What we emerge with is a evocation of a world akin to Wallace Stevens’s
vision of New Haven, alive with eternity.
The poems in
Lyrics to Genji
are filled with the same subjects, but approach them more playfully.
Addressed to an invisible friend named Genji (a name which means
“treasure”), the poet begs answers to the universal and mundane
questions of his day (“Genji, do you have a brother?”, “Who could bear a
full life, Genji?”), and ruminates over recurring dreams, childhood
memories, questions of ethical responsibility as well as home repair,
and the frequent, mischievous presence of Genji’s wife. Whereas
Little Songs
approaches something like direct prayer,
Lyrics to Genji
come closer to Zen meditations, or koans.
The overall vision of this unique collection is one of abiding mystery
and gratitude for the natural and invisible worlds, and for a state of
quiet contemplation that brings such awareness about. As the poet says
to his friend: “I’m grateful, Genji./How do I know?/I sing.”
Reviews
George Held, Book/Mark
LITTLE SONGS & LYRICS TO GENJI
is arguably one of
the better books by a Long Islander since Leaves of
Grass
appeared on July
4, 1855, but whereas Whitman is a rhapsodist of long free-verse lines,
Penna is a psalmist of concise formality. While Whitman renovated
poetry, Penna builds on the tradition of religious lapidaries like
George Herbert and Gerard Manley Hopkins. And whereas Whitman celebrates
the self, Penna invites God to enter his soul.
This volume holds two books in one, and either would be a small treasure
on its own. The first, "Little Songs," hearkens back to Donne's Holy
Sonnets. Though Penna's sonnet form has the requisite 14 lines of
approximate iambic pentameter, it is unrhymed in the manner of Robert
Lowell's Notebooks. Moreover, Penna divides his sonnets into
various stanza patterns, the usual 4, 4, 3, 3 as well as alternatives
such as 3, 3, 4, 4 and 3, 4, 4, 3 and 5, 5, 4.

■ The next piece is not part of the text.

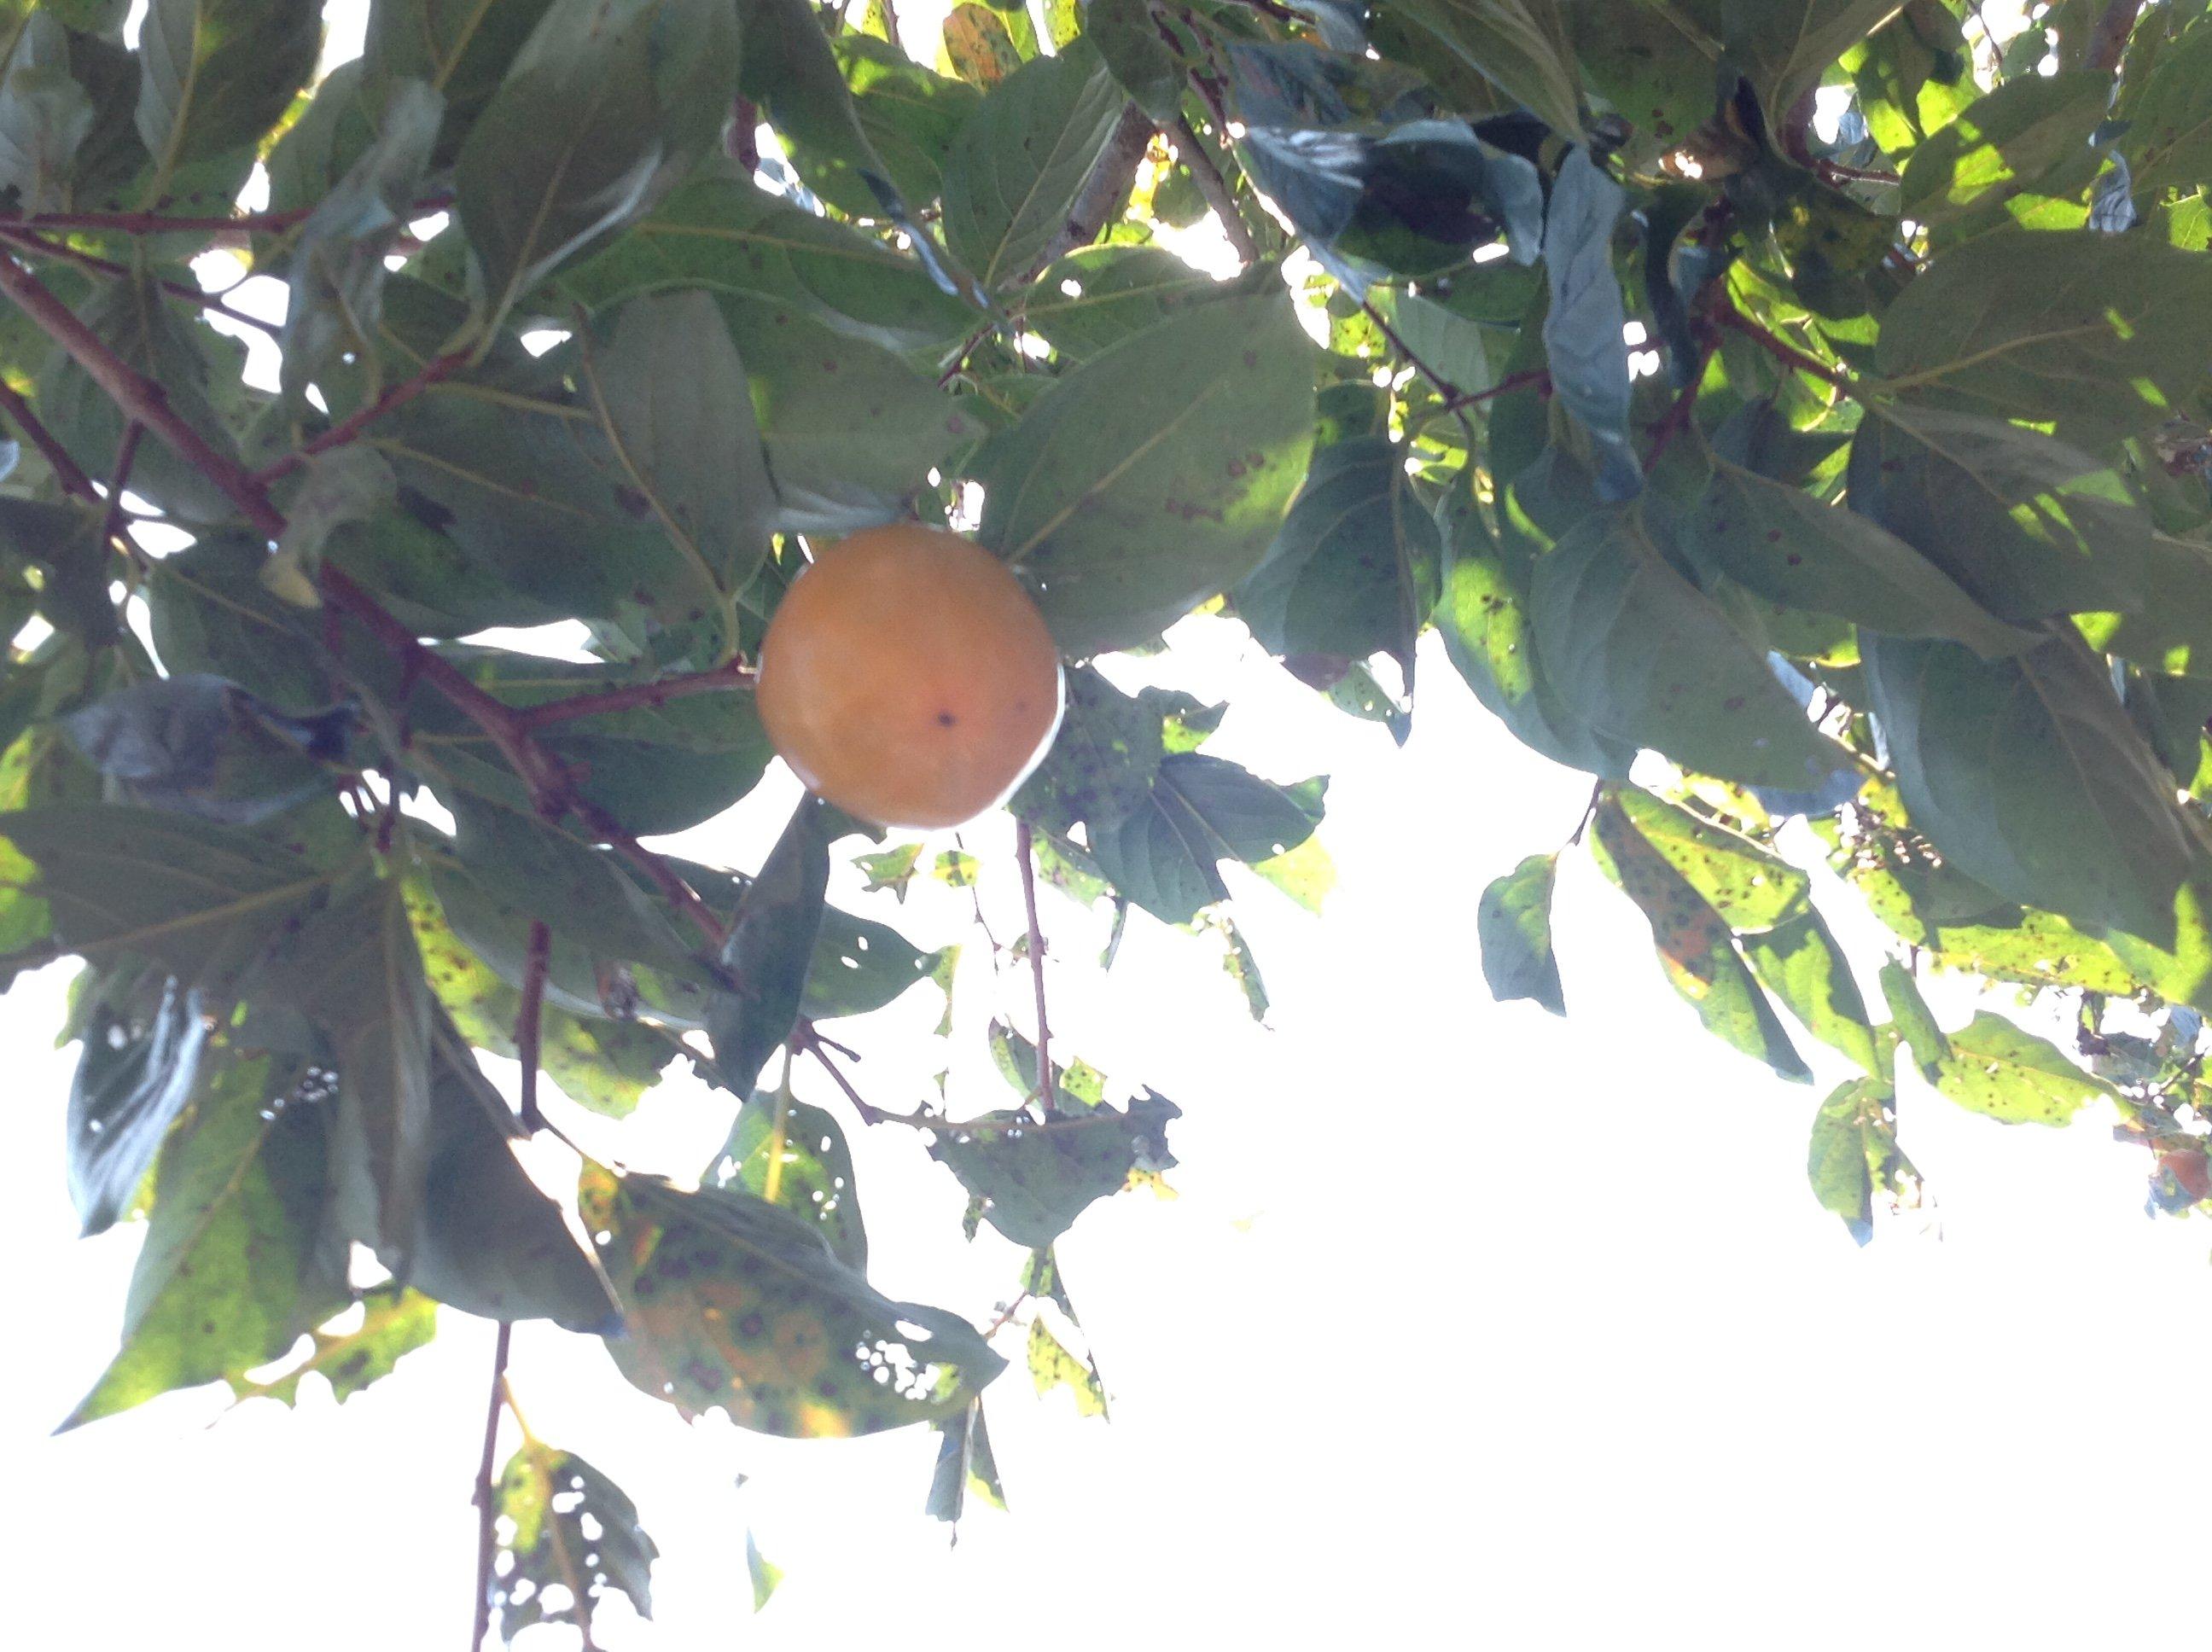 おはようございます♪柿の時期ですね!庭の柿も収穫時期でしょう…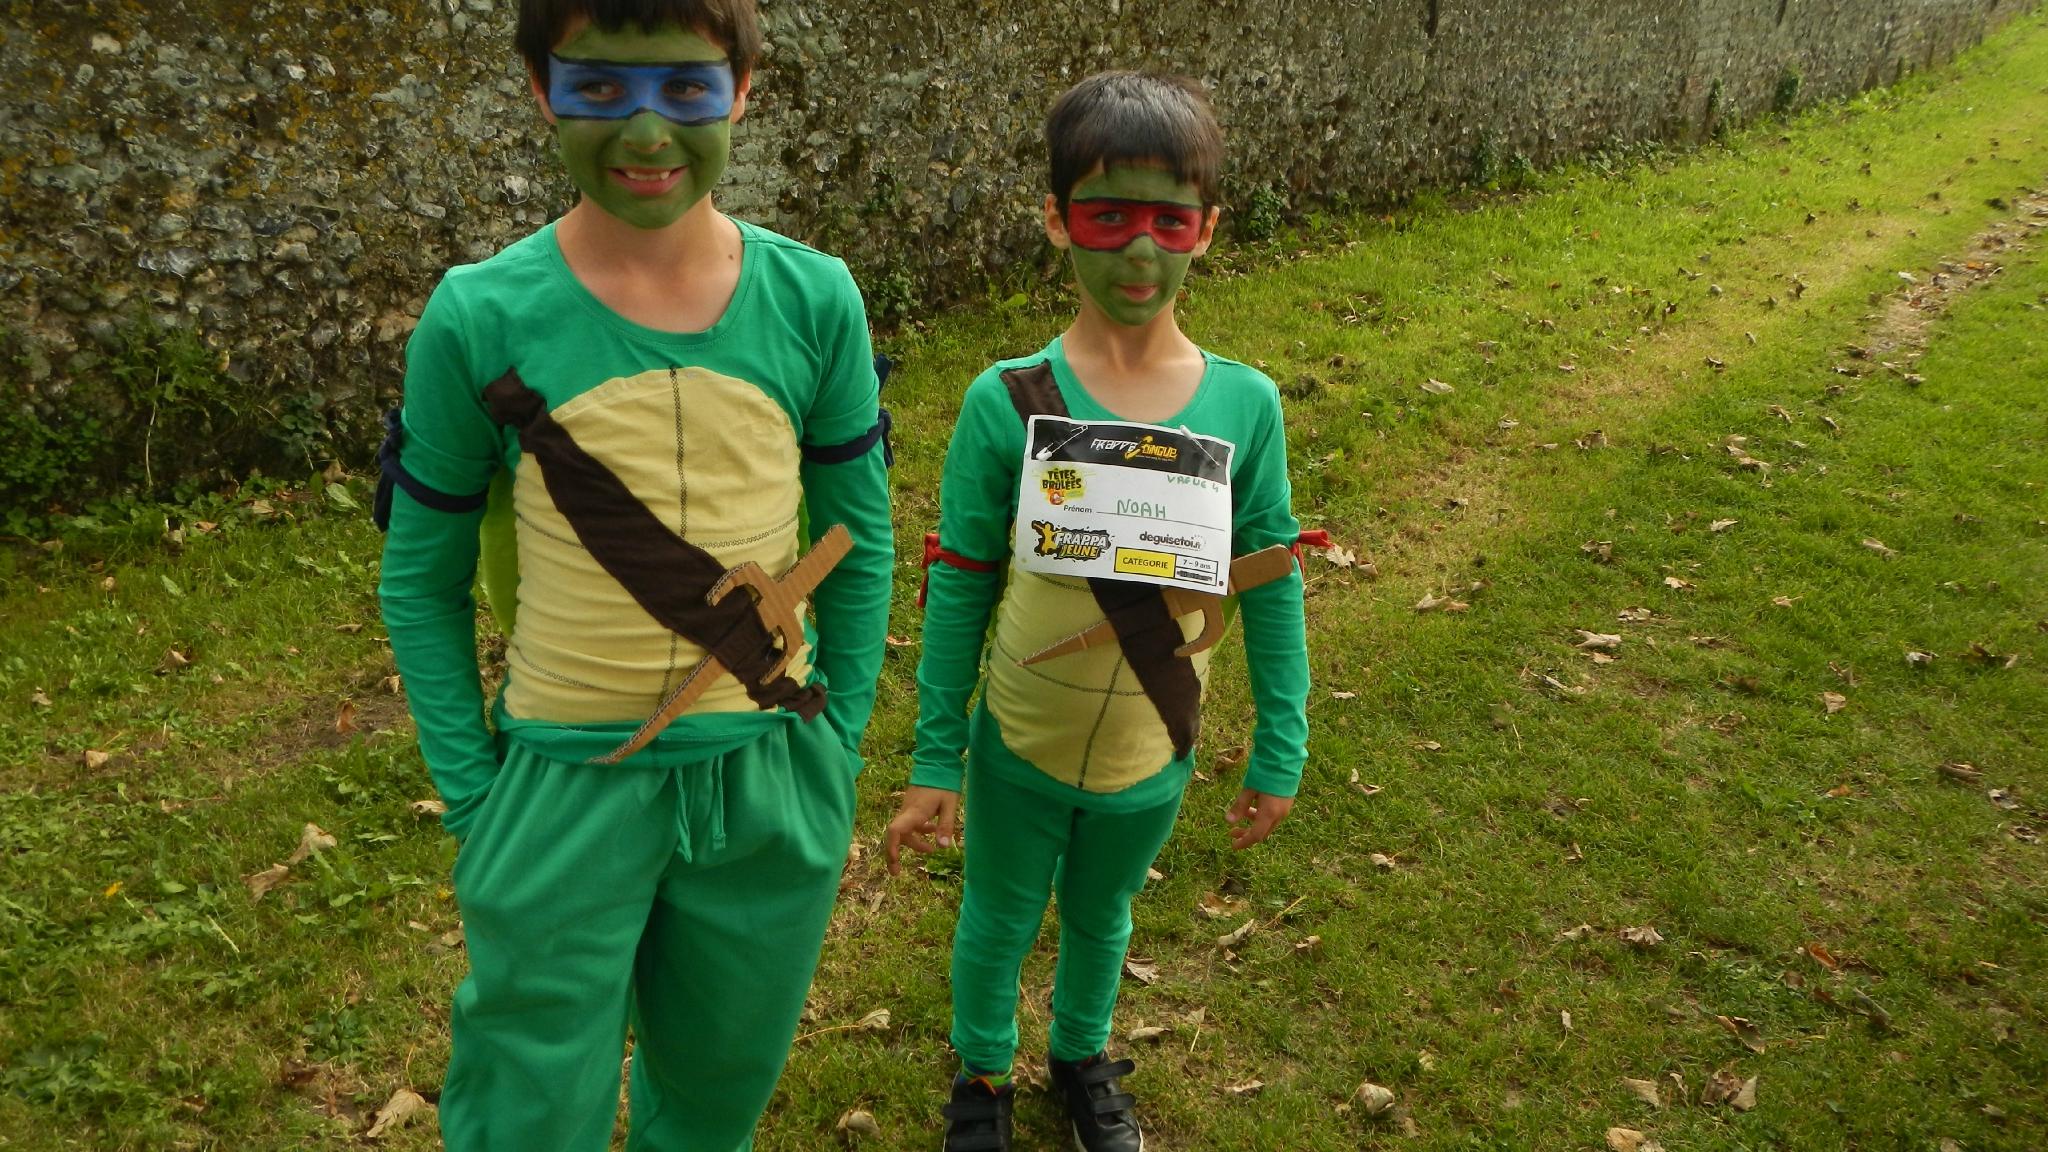 déguisement tortue ninja fait maison

In spirit these songs inhabit their epigraph, from Wallace Stevens, the
part that says, "Poetry is like prayer." Addressed to a "you," at times
maybe Moira, the book's dedicatee and the poet's wife, at other times
the poet himself, these poems concern God, prayer, and love and how they
mesh with the rest of life, frequently symbolized by trees and birds and
birdsong. Penna's elemental meditations should encourage readers who
despair over the narcissism and egotism of much other contemporary
poetry.
LITTLE SONGS
contains fifty pieces, divided into two parts of twenty-six and
twenty-four poems respectively. The first part introduces the vocabulary
and symbology of the whole, and the second part elaborates on those
elements. Thus, Part II opens with "Songbirds," which begins,
It is like you, because your heart is a bird,
to be frightened
and dart over the ground,
when nothing hurts
you, nothing lies in wait.
You flit, from tree to tree, because you think
love is a motion
toward, but stillness loves
and stillness sets
the heart back on its perch.
The title of this poem plays off one called "Birdsong" in Part I, in
which the poet refers to "small languages of trees and birds."
"Songbirds" goes on to say that song is "the one thing that is pure and
true," the achievement of which is Penna's aim in these "little songs."
Yet "songs aren't . . . praise . , aren't prayers ... , aren't love. . .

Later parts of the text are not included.